Hi… after training my code, I noticed that conv layers weights converged to zero and just linear layers worked. I changed activation function, kernels but nothing changed.
how could I fix this problem

class Net(nn.Module):
    def __init__(self):
        super(Net,self).__init__()
        self.conv1= nn.Sequential(
            nn.Conv2d(1,64, kernel_size=(11,11), stride=1,padding=5),
            nn.BatchNorm2d(64),
            nn.ReLU()
        )
        self.conv2= nn.Sequential(
            nn.Conv2d(64,32, kernel_size=(1,1), stride=1,padding=0),
            nn.BatchNorm2d(32),
            nn.ReLU()
        )
        self.conv3= nn.Sequential(
            nn.Conv2d(32,1, kernel_size=(7,7), stride=1,padding=3),
            nn.BatchNorm2d(1),
            nn.ReLU()
        )
        self.conv4= nn.Sequential(
            nn.Conv2d(1,64, kernel_size=(11,11), stride=1,padding=5),
            nn.BatchNorm2d(64),
            nn.ReLU()
        )
        self.conv5= nn.Sequential(
            nn.Conv2d(64,32, kernel_size=(1,1), stride=1,padding=0),
            nn.BatchNorm2d(32),
            nn.ReLU()
        )
        self.conv6= nn.Sequential(
            nn.Conv2d(32,1, kernel_size=(7,7), stride=1,padding=3)
              
        )
     
        self.fc1=nn.Linear(1600,64)
        self.fc2=nn.Linear(64,64)

    def forward(self,kr):
        out_conv1=self.conv1(kr)
        out_conv2=self.conv2(out_conv1)
        out_conv3=self.conv3(out_conv2)
        out_conv4=self.conv4(out_conv3)
        out_conv5=self.conv5(out_conv4)
        out_conv6=self.conv6(out_conv5)
        out_feedback=kr+out_conv6
        out_linear=self.fc1(out_feedback.flatten(2))
        out_linear=self.fc2(out_linear)
        x=out_linear.reshape([out_linear.shape[0],out_linear.shape[1],8,8])               
        return x

AlperEkmekci · January 3, 2021, 4:20pm

Hello,

It seems you’re using a model structure like concatenating two encoder-decoder type network which each one has a 1 depth. You are probably facing vanishing gradient problem so for being sure about that you can control output of each layer.
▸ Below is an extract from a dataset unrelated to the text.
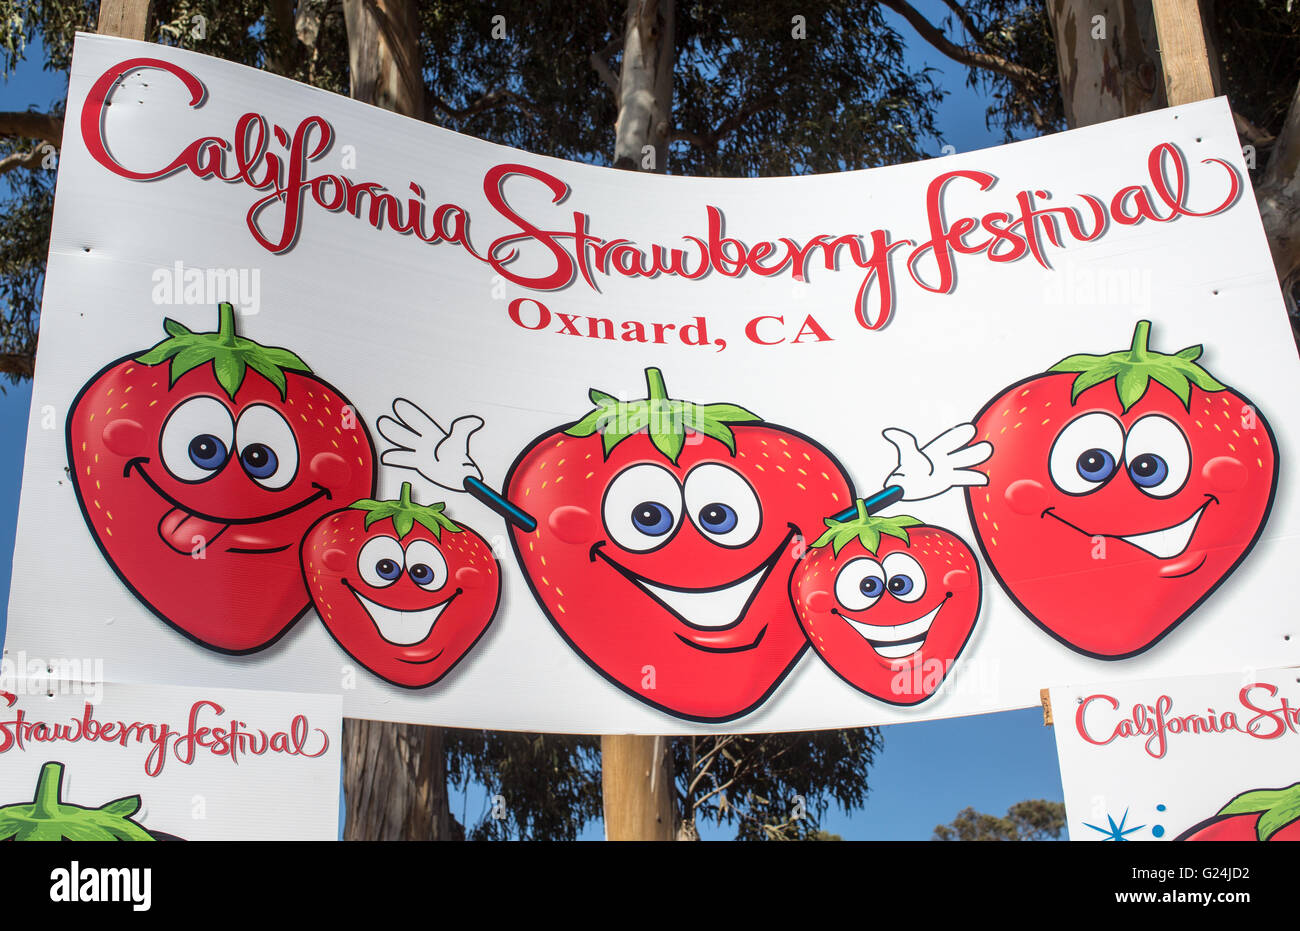 California Strawberry Festival sign in Oxnard, California Stock Photo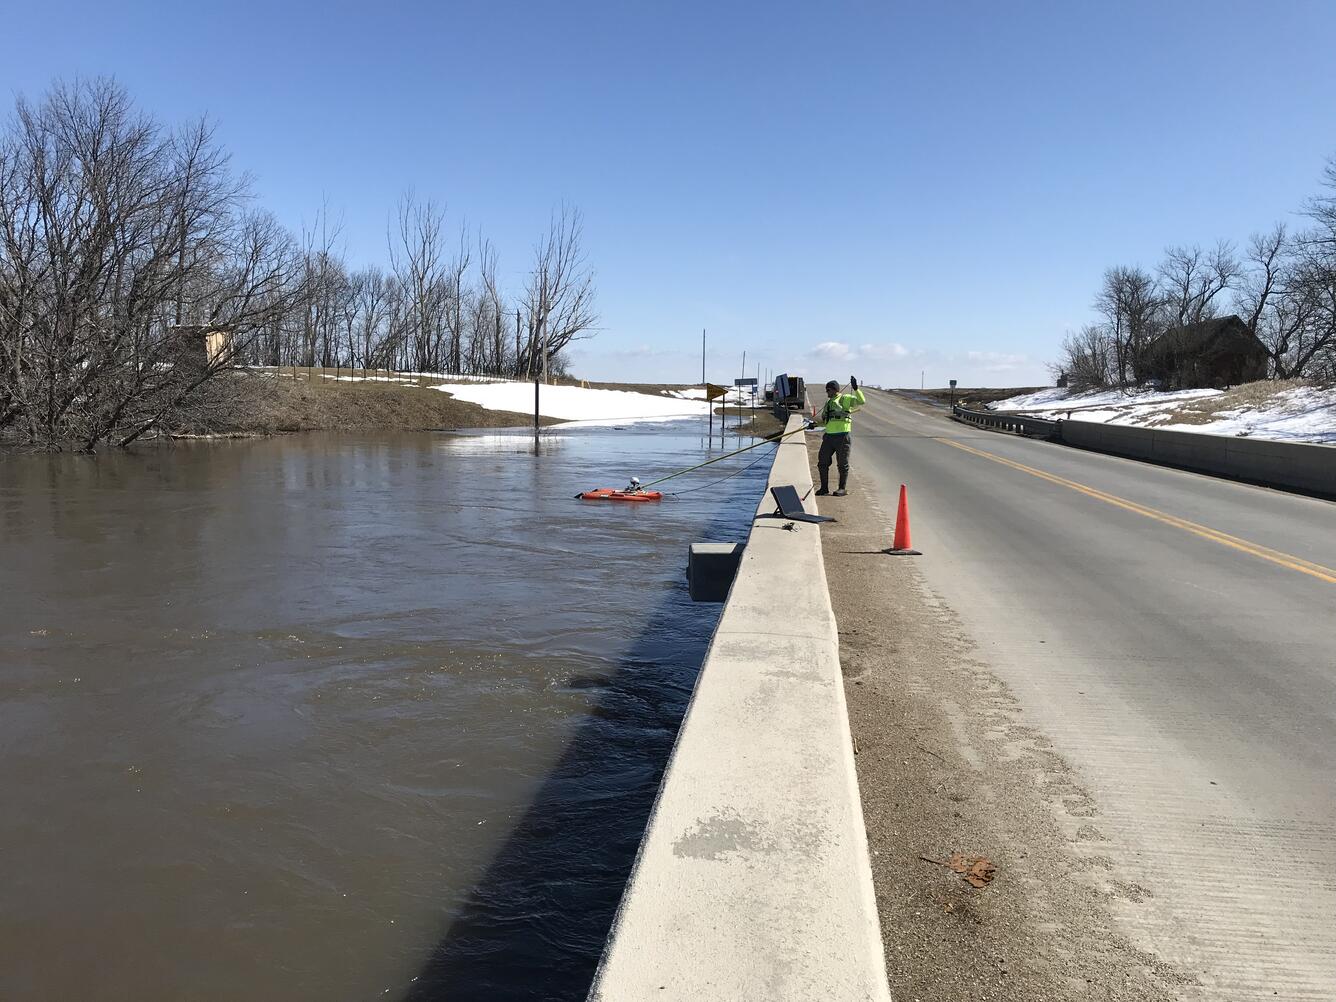 USGS Technician taking a water measurement from a bridge of floodwaters below

lifeblack · January 3, 2021, 7:56pm

thanks a lot @AlperEkmekci for your reply… yes I am facing vanishing gradient problem… Could you mind helping me solve this? what is your suggestion?

AlperEkmekci · January 3, 2021, 8:36pm

Hello,

It seems you gradient value is vanishing after you layer named self.conv4. Your structure is approaching like Encoder-Decoder model, because of that you can use a method which I recommend to you is that implement Residual Networks (a.k.a. ResNet ) to your structure for avoid vanishing gradient.

Besides decreasing learning rate will help you to avoid that problem.